All Time Series: This is Marquette’s first ever meeting with Harvard.
The Stakes: It’s a survive and advance event, so Marquette’s next loss means the season is over. The winner advances to a second round game against either #3 Oregon Ducks or #6 Rider Broncs. If Marquette beats Harvard, the Golden Eagles will host their next game, regardless of opponent.
Tempo Free Fun: Any discussion about what is or is not going to happen in this game has to begin with Seth Towns. The sophomore emerged as a star for Harvard this year following a season ending injury to Bryce Aiken, and ended up taking Ivy League Player of the Year honors. He suffered a knee injury with a little more than eight minutes left against Penn in the Ivy League championship game, and while Towns managed to get himself on his feet and off the court on his own, it was clear that he was in an immense amount of pain.
Two things on this. One: Towns didn’t return to that game, which was on Sunday afternoon. Two: The injury didn’t look all that bad. His leg ended up in an awkward position over a Penn player’s leg while coming down from a leaping attempt at a rebound.
Unless Harvard head coach Tommy Amaker announces something, I’m not convinced that Towns will miss this game. This season alone, I’ve watched Andrew Rowsey get his calf stepped on while he was laying face down on the court and not miss a game, I’ve watched Markus Howard lay motionless for a long stretch after a bad fall and only miss one game, and I’ve watched Danielle King from women’s hoops on the ground, grabbing at her leg and howling in pain, only to return later in that very contest.
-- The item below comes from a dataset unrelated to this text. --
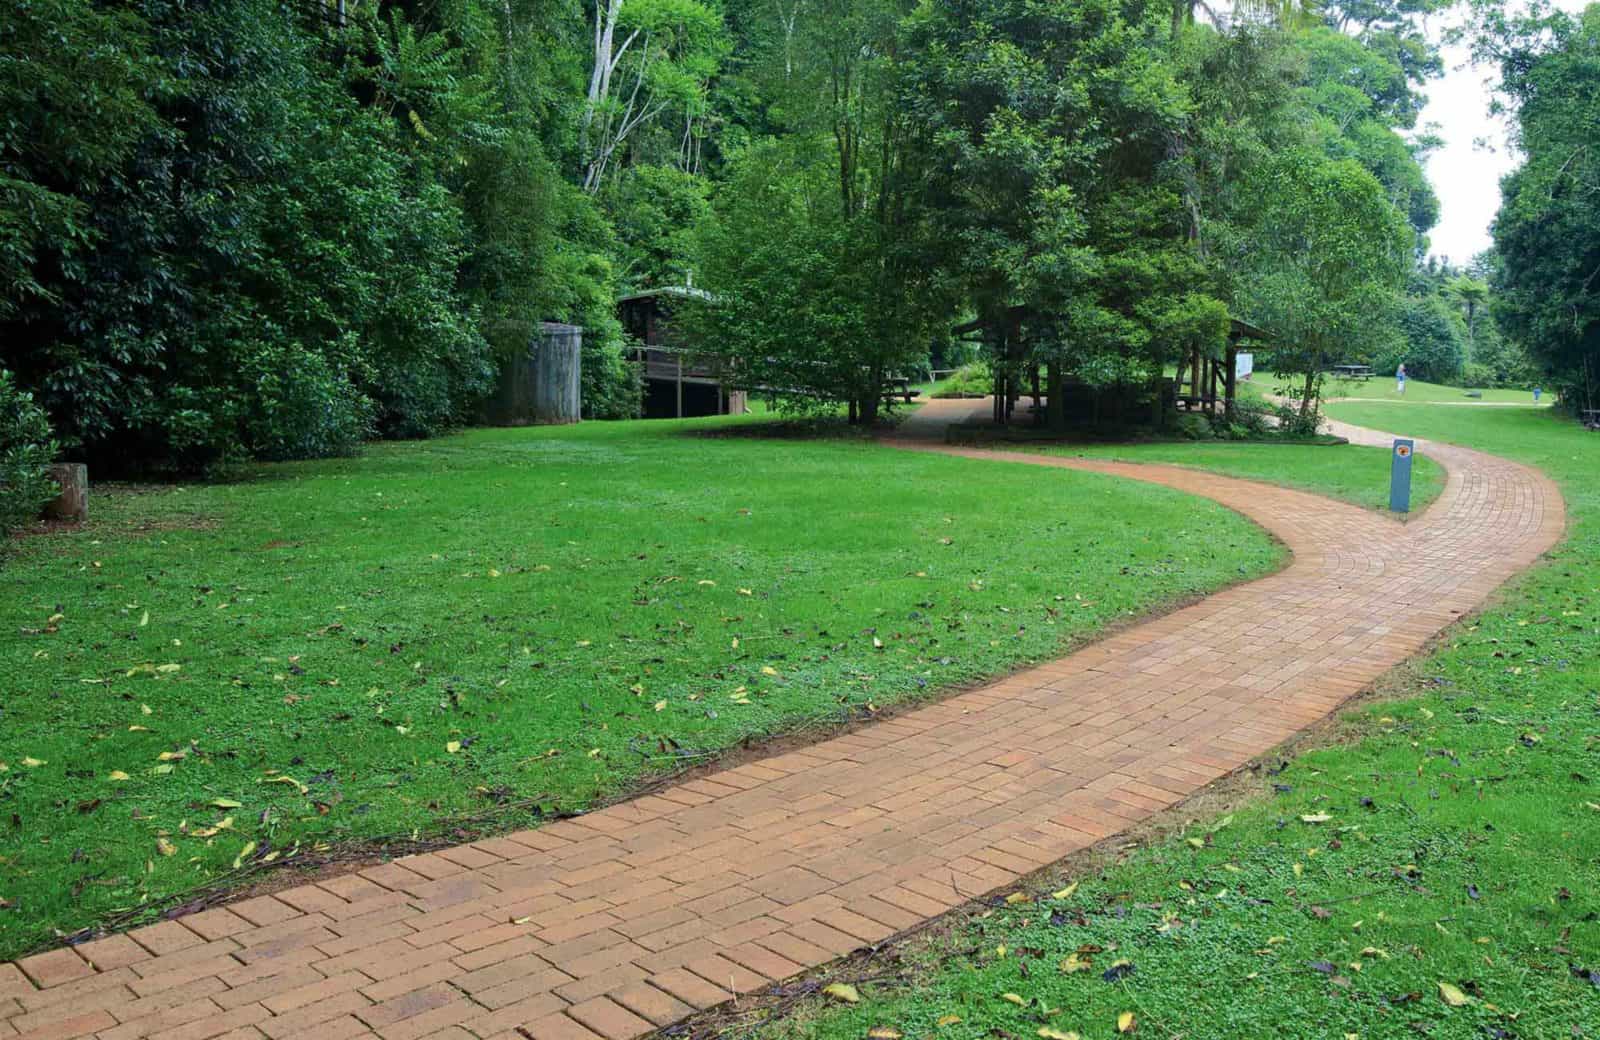 Glade picnic area. Photo: Rob Cleary

It would not be unreasonable to think it’s possible that Towns plays on Wednesday night. Stay tuned for updates on that one.
If Towns plays, Harvard will be able to make use of his multi-dimensional talents. He does a little bit of everything, ranking in the top 40 in usage on KenPom, top 250 in defensive rebounding rate, top 450 in block rate, and top 80 in three-point percentage.
Without him..... well, it’s hard to say. Even with Towns, Harvard was a lousy offensive team this season, ranking #243 in offensive efficiency on KenPom. They were a quality three-point shooting team, ranking #144 at 36% and they took an awful lot of threes as well, ranking in the top 90 in terms of rate relative to the rest of their offense. That’s the only thing they did well, though, and they don’t really have anyone else they rely on. Justin Bassey shot 42% on less than three tries a game, and Christian Juzang shot 39% on a little over three tries a game. Harvard turns the ball over on more than 20% of their possessions, and Juzang and Bassey, the two guys that are probably going to have to step up the most without Towns, are particularly egregious in this department. They don’t clean up their misses (#259 in offensive rebounding rate), and they do not get to the line nearly at all (#324). The Crimson are also maddeningly slow on offense, carrying around one of the 50 longest average possession lengths in the country.
Whatever does or does not happen with Towns, Marquette is going to have to deal with Chris Lewis in order to win. The sophomore from Georgia stands 6’9” and weighs 235 pounds. His stats — 13.4 points, 6.0 rebounds — make him sound like a bit like a slightly beefier Sam Hauser, but remember: Harvard plays slow. While Harvard, the team, doesn’t get offensive rebounds, Chris Lewis does, ranking #346 in the country in terms of rate. He’s a dangerously effective inside scorer, connecting on 60% of his shots this season, all inside the arc, giving him a top 100 effective field goal percentage. Lewis is also a more than capable rim protector, swatting a block and a half per game, but in the top 90 in the country in block rate.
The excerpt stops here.